Since litterfall is an important process in high-altitude forest ecosystems, we measured over three years the litterfall amount and composition in five habitats (i.e., closed canopy forest, forest gaps of three sizes, and logged forest) in an Abies georgei var. smithii forest in Sejila Mountain, southeastern Tibet. The annual litterfall ranged between 2.08 Mg ha^-1 year^-1 and 2.35 Mg ha^-1 year^-1 with an average of 2.21 Mg ha^-1 year^-1, is thus relatively stable and lower than litterfall in other dark coniferous forest types in the same region. Approximately 86.3 % of litterfall is composed of needles and twigs, with needles being the dominant component. Seasonal litterfall exhibited a single peak (about 20 % of the total litterfall) from October to November every year. The period August-September produced with about 4 % the least litterfall. The annual litterfall dynamic was mainly determined by the biological characteristics of A. georgei var. smithii. Significant differences in litterfall were evident in the five different habitats with the highest amount of litterfall occuring in the small forest gap. Tree regeneration and shrub distribution apparently lead to changes in litterfall distribution in closed forest, compared to logged forest and different gap sizes.

Zusammenfassung

Da Streufall ein wichtiger Prozess in Bergwäldern ist, haben wir über einen Zeitraum von drei Jahren die Streufallmenge und deren Zusammensetzung an fünf Standorten (geschlossener Bestand, drei unterschiedlich große Bestandeslücken und ein geschlägerter Bestand) in einem Abies georgei var. smithii Wald in den Seijila Bergen von Südost Tibet gemessen. Der jährliche Streufall variierte von 2.08 Mg ha^-1 year^-1 bis 2.35 Mg ha^-1 year^-1 mit einem Mittelwert von 2.21 Mg ha^-1 year^-1; somit ist der Streufall von A. georgei var. smithii relativ stabil und geringer als der Streufall in anderen dunklen Nadelwäldern in dieser Region. 86.3 % der Streufallmenge sind Nadeln und Zweige, wobei Nadeln der Hauptbestandteil sind. Die saisonale Verteilung zeigt einen Streufallpeak (etwa 20 % der jährlichen Streufallmenge) für jedes Jahr zwischen Oktober und November. Zwischen August und September wurde mit 4 % die geringste Streufallmenge gemessen. Die jährliche Streufalldynamik wurde beeinflusst durch die Besonderheiten von A. georgei var. smithii. Wir konnten signifikante Unterschiede in der Streufallmenge zwischen den fünf untersuchten Standorten feststellen, wobei der höchste Streufall in der kleinsten Bestandeslücke gemessen wurde. Verjüngung und Sträucher bewirken scheinbar Veränderungen in der Streufallverteilung zwischen geschlossenen, lückigen und geschlägerten Beständen.

1. Introduction

Litterfall, in addition to fine root turnover, is the major source of matter and energy for decomposing organisms in terrestrial ecosystems. Plant litterfall is correlated with primary production and plays a crucial role in stabilizing the ecosystem functions (e.g., Wang 1989; Maguire 1994; Witkamp 1963; Berg et al., 2001). As soil microbial decomposition of litterfall releases CO2 to the atmosphere, studies of litterfall and its decomposition receive increasing attention in the context of global changes. Forest litterfall is expected to increase with global warming, particularly in temperate and cold regions, where temperature increase is expected to be larger than in tropical and subtropical regions (Delucia et al. 1999). Understanding the dynamic processes of accumulation and decomposition of litter is crucial to understand the structure and function of forest ecosystems temperate and cold zones (Peng et al. 2002).
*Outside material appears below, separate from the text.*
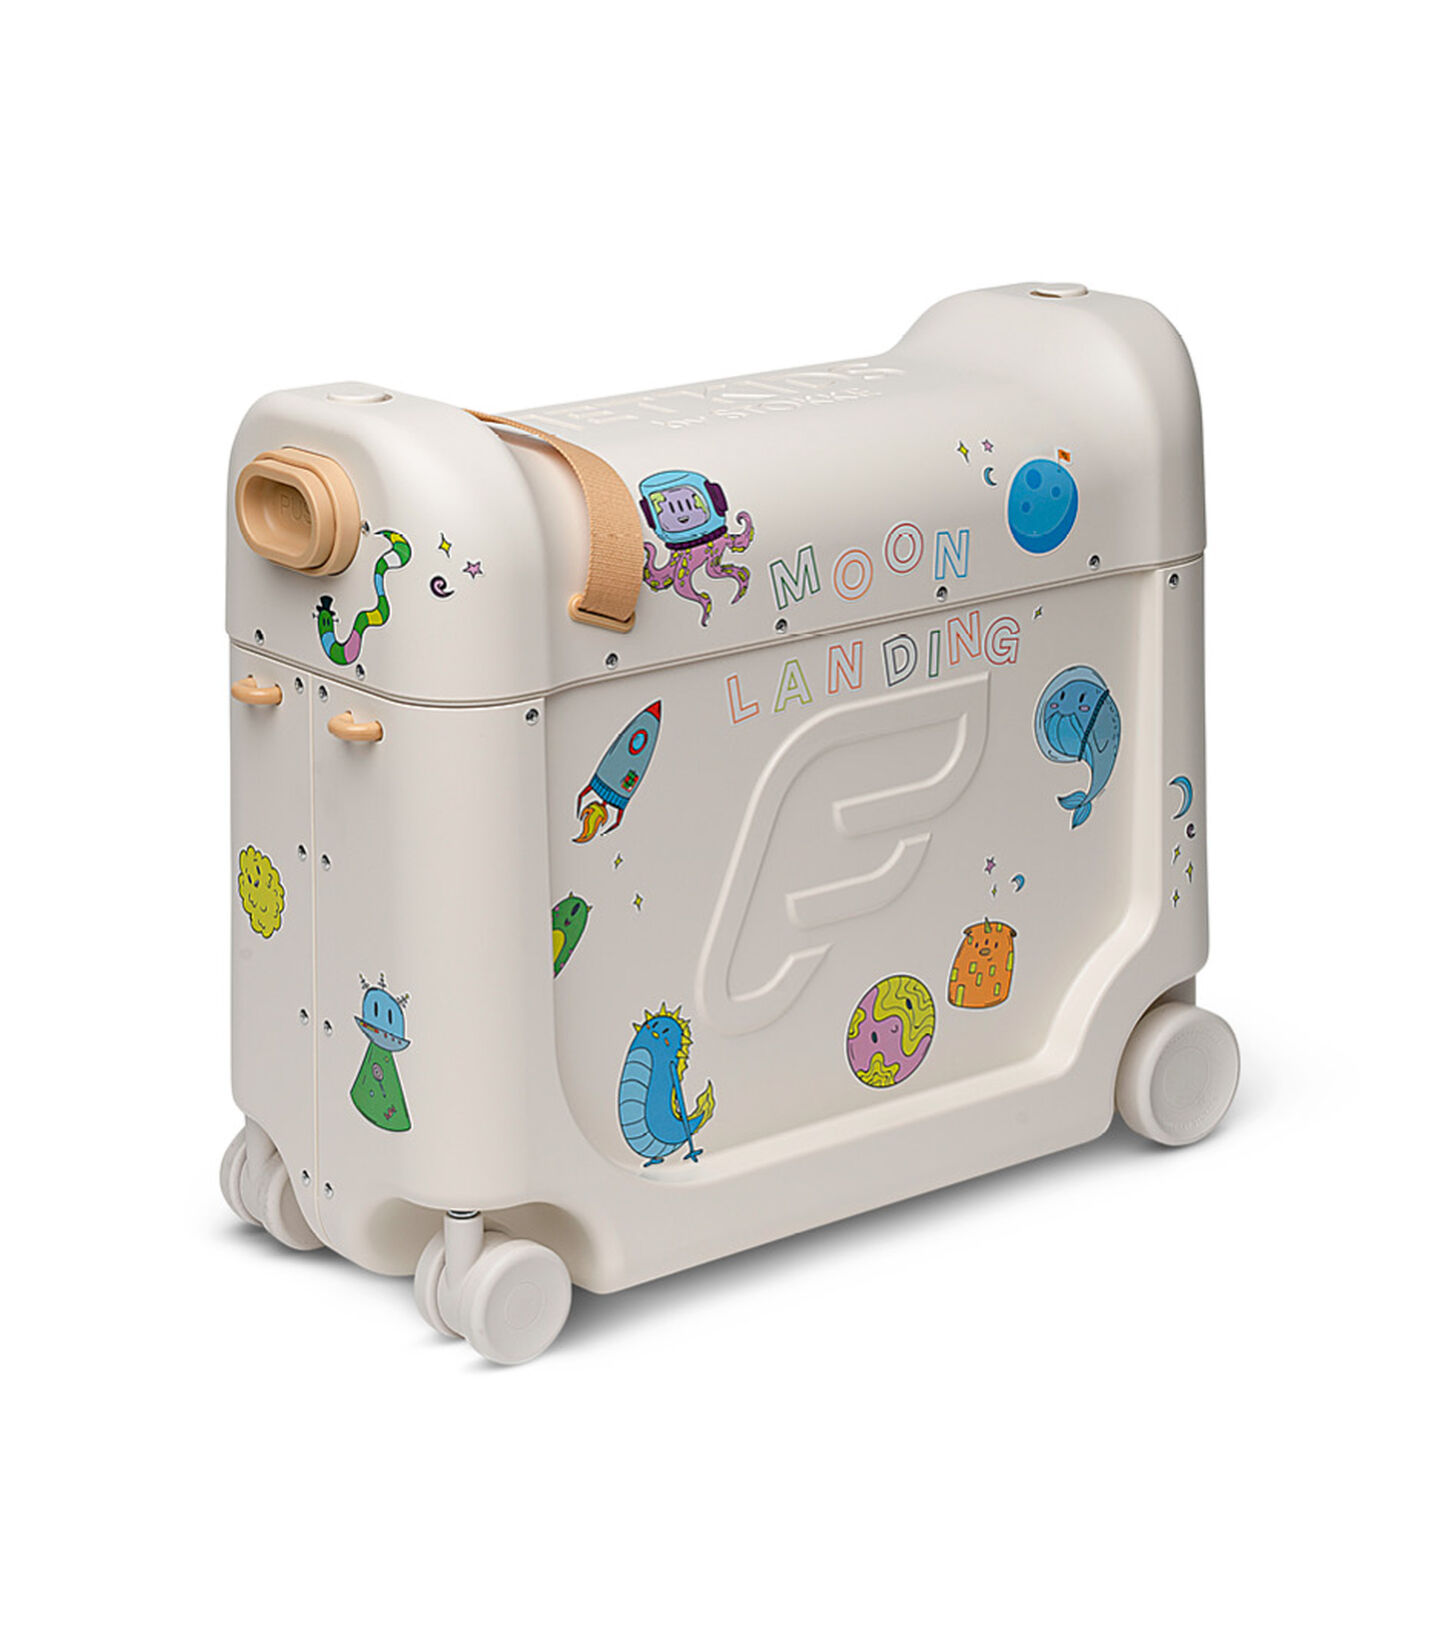 JetKids™ by Stokke® BedBox V3 in Full Moon White Decorated with Stickers. view 1

Abies georgei var. smithii (synonyms Abies forrestii Creib var. smithii (Trav. Lab. Forest. Toulouse 1 (2, 1): 177, 1929); Abies delavayi var. smithii (Monogr. 143. t. 8B. 1971), FOC I, 1999) forests are the most widespread and well-preserved primary forests in southeastern Tibet. These forests represent the zonal vegetation and climax community in subalpine zones of southeastern Tibet and play an essential role in maintaining biodiversity of the high-altitude valleys of the Brahmaputra river basin. Previous studies of litterfall in subalpine coniferous forests have been carried out mostly in closed canopy forests, as researchers hold the view that the canopy forest is the most representative habitat (Ye, 2016; Wu, 2014; NFGA, 2012). However, using closed canopy stands as reference may lead to substantial biases, as it ignores the impact of heterogeneous stand structure, including natural gaps and logging, on litterfall distribution. Abies georgei var. smithii forests frequently exhibit gaps and open patches as the result of tree death due to natural causes and/or human intervention. These gaps are also important for natural forest regeneration. The regeneration and changes in tree density in gaps may change the amount, composition and distribution of litterfall in gaps compared to closed canopies.

In this study, we investigated five different habitat types of A. georgei var. smithii forests, to better understand the litterfall production and nutrient circulation of this important forest ecosystem. The purpose is to provide a scientific basis for long-term ecological research on carbon cycling and energy conversion in subalpine dark coniferous forest ecosystems in southeastern Tibet.

2. Material and Methods

2.1 Overview of the research area

The sampling sites are located on the eastern slopes of Sejila Mountain at an elevation of about 3800 m.a.s.l. (29° 48’ N, 94° 49’ E, Fig. 1). These sampling sites are part of long-term fixed standard plots of the National Forest Ecosystem Observation & Research Station of Nyingchi Tibet (http://lzf.cern.ac.cn). The dominant tree species in this region is Abies georgei var. smithii. Meteorological observations at Nyingchi Ecological Research Station show annual temperature of 3.5 °C. The mean temperature in the warmest month (July) is 11.2 °C and in the coldest month (January) it is -4.1 °C. The annual precipitation sum is 1095 mm. Summer precipitation from June to September accounts for 75 % – 82 % of the annual total. The annual average evaporation is 544 mm, and the annual average relative humidity is 83 %. The annual number of sunshine hours is 1150 h with an average annual percentage of sunshine of 26 % (Xu et al. 2010; Luo et al. 2014).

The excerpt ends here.